Help--trapped in a fishless, planted cycle!

  • Get the NEW AquariaCentral iOS app --> http://itunes.apple.com/app/id1227181058 // Android version will be out soon!

Roan Art

AC Members
Oct 7, 2005
5,387
0
0
63
Northern VA
bowheads.org
mishi8 is correct. Get a hold of a KH/GH test kit and we need to know what your pH is. If your pH has crashed then your cycle will stall indefinitely.

Planted -- you might want to ask the guys in the Plants Forum for further advice.

Roan
 

carpguy

lots of small fish
Jul 15, 2002
1,115
0
0
nyc
Visit site
A 'silent cycle' isn't really a cycle. Or at least not the traditional kind. Normally 'establishing a cycle' means getting a colony of bacteria up and running to process nitrogen-waste from the fish.
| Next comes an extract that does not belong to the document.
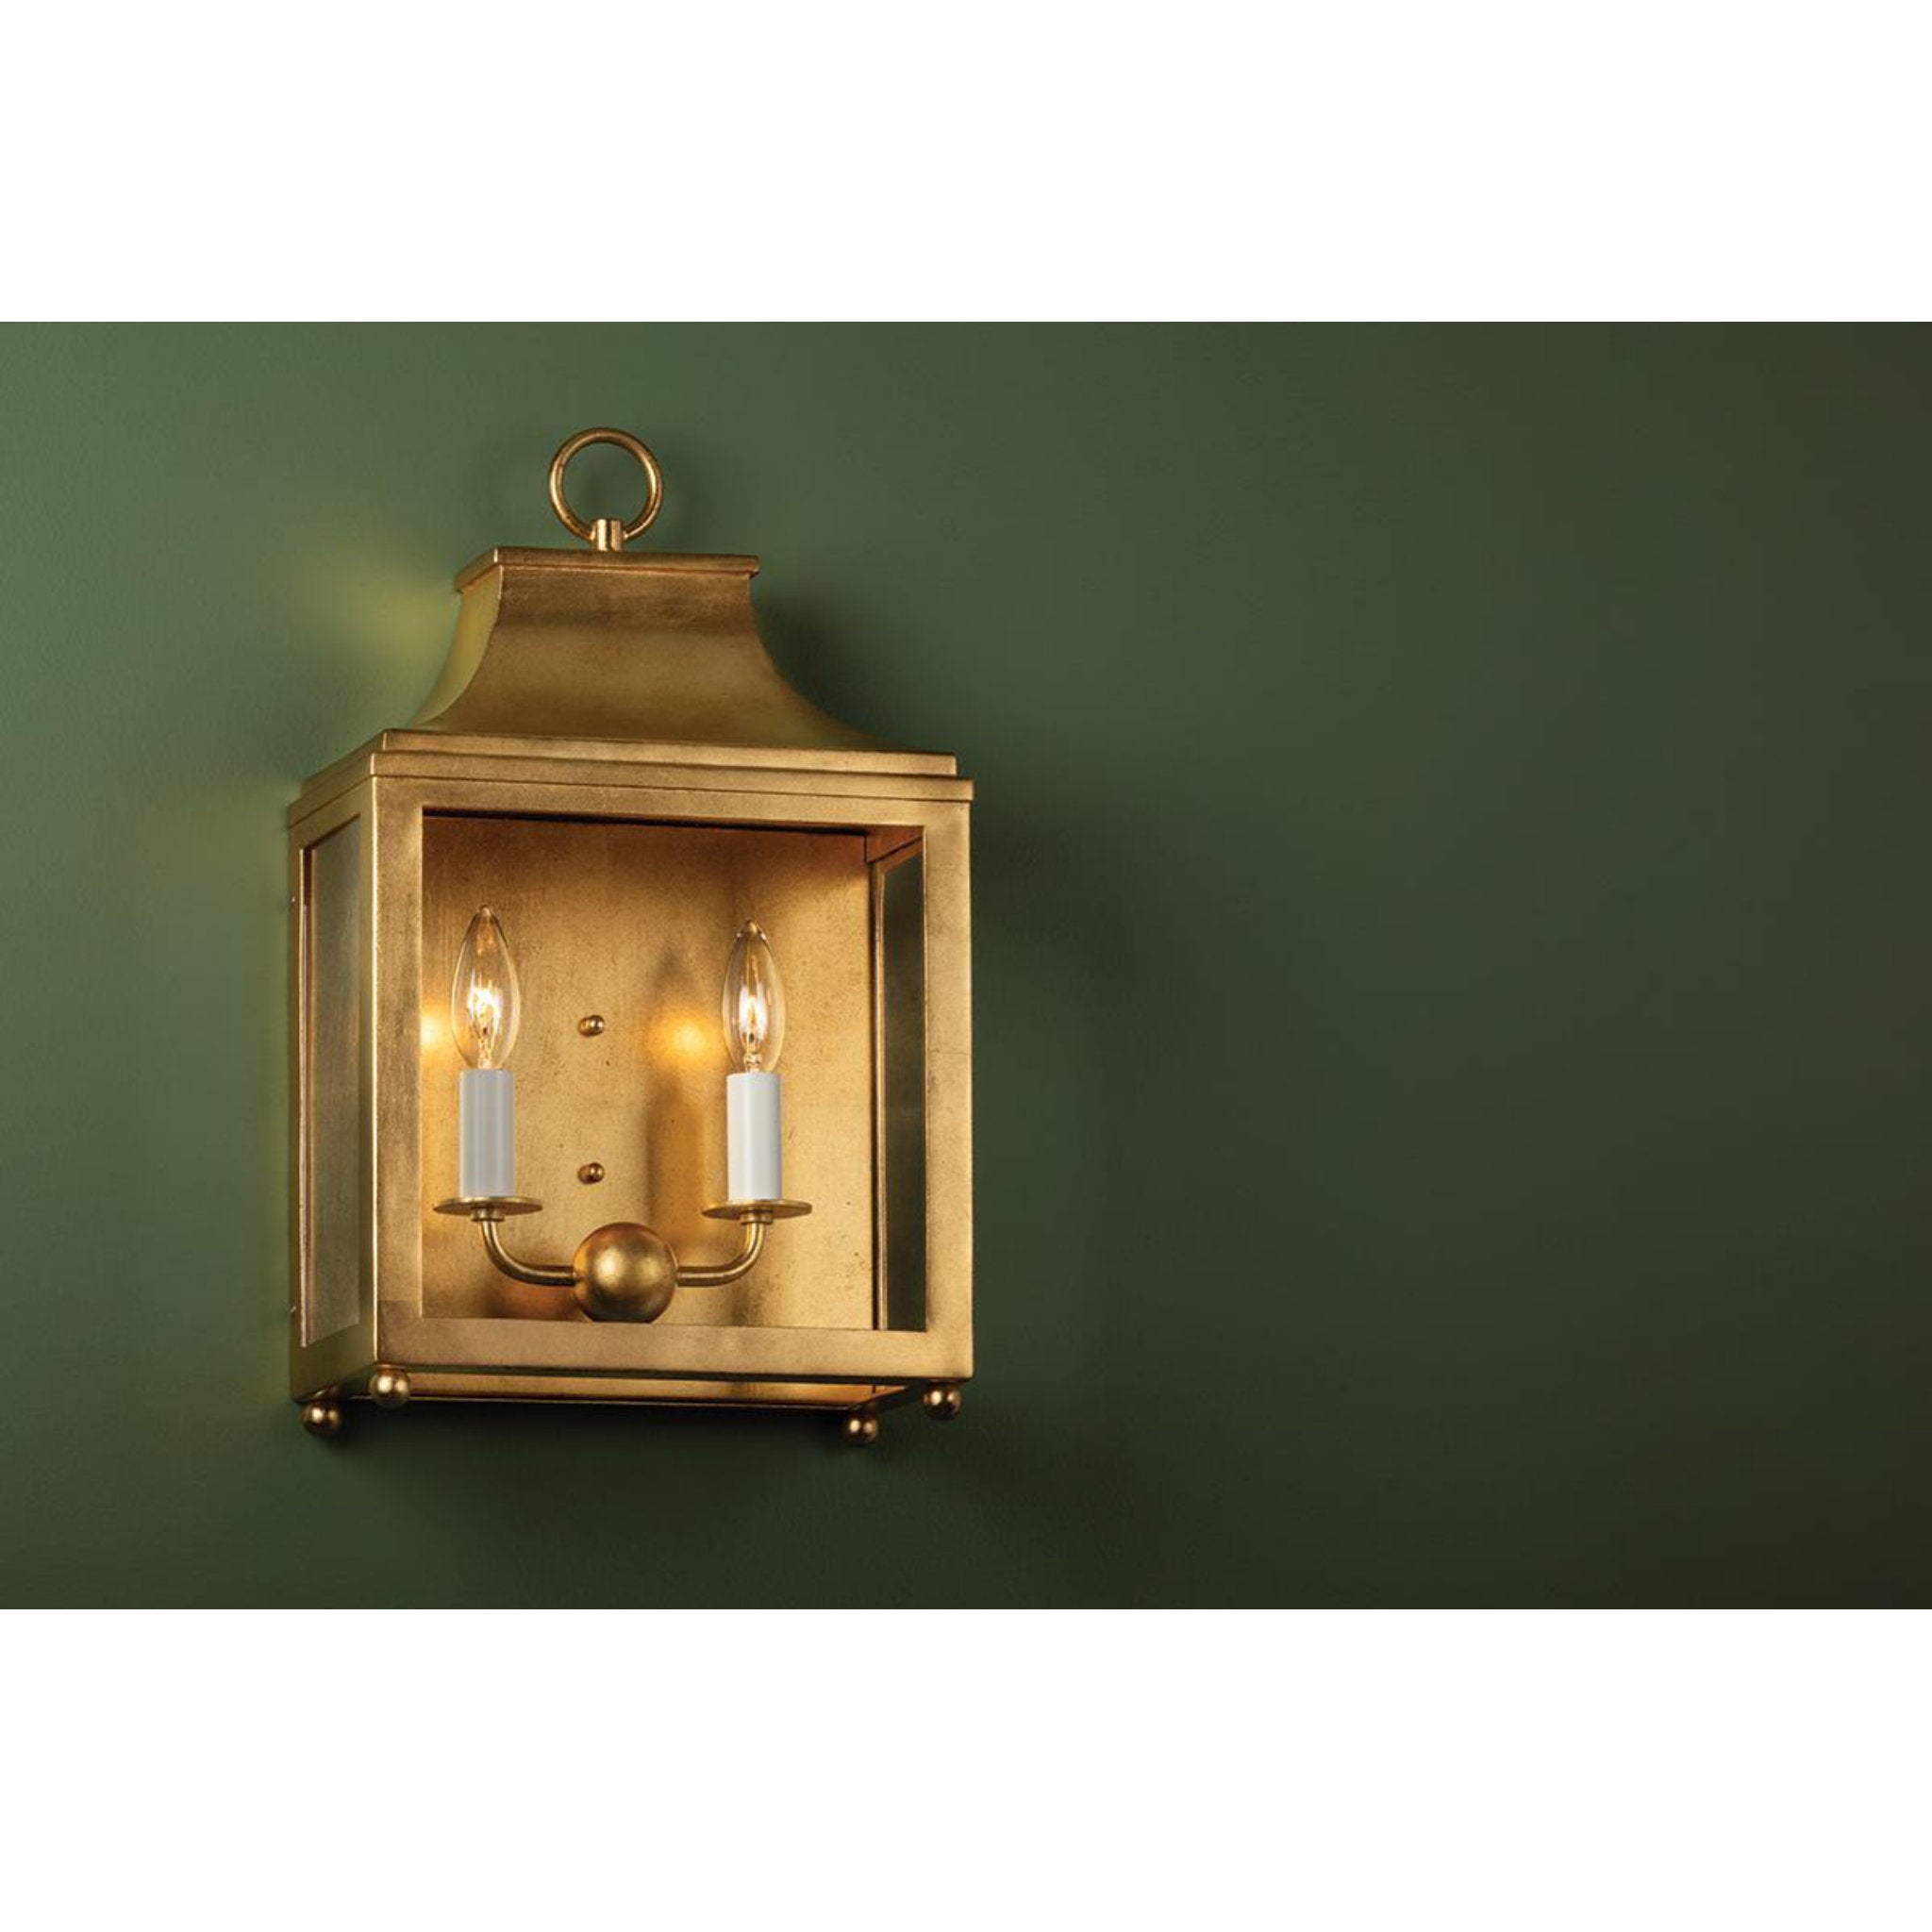 Leigh 2-Light Wall Sconce in Polished Nickel/Navy

In a planted tank, you may never get a colony up and running because the plants hoover up all the nitrogen before the bacteria can get to it. Plants turn the nitrogen into more plant. The amount of nitrogen they're going to pull out of the tank is directly related to the amount of new plant in the tank. Slow growing lowlight plants may not be sufficient for a true 'silent cycle'. You need to find something fast growing in there to go that route. You want to get a healthy tank of plants underway (established) and then start slowly adding fish: there should never be much detectable ammonia in the tank.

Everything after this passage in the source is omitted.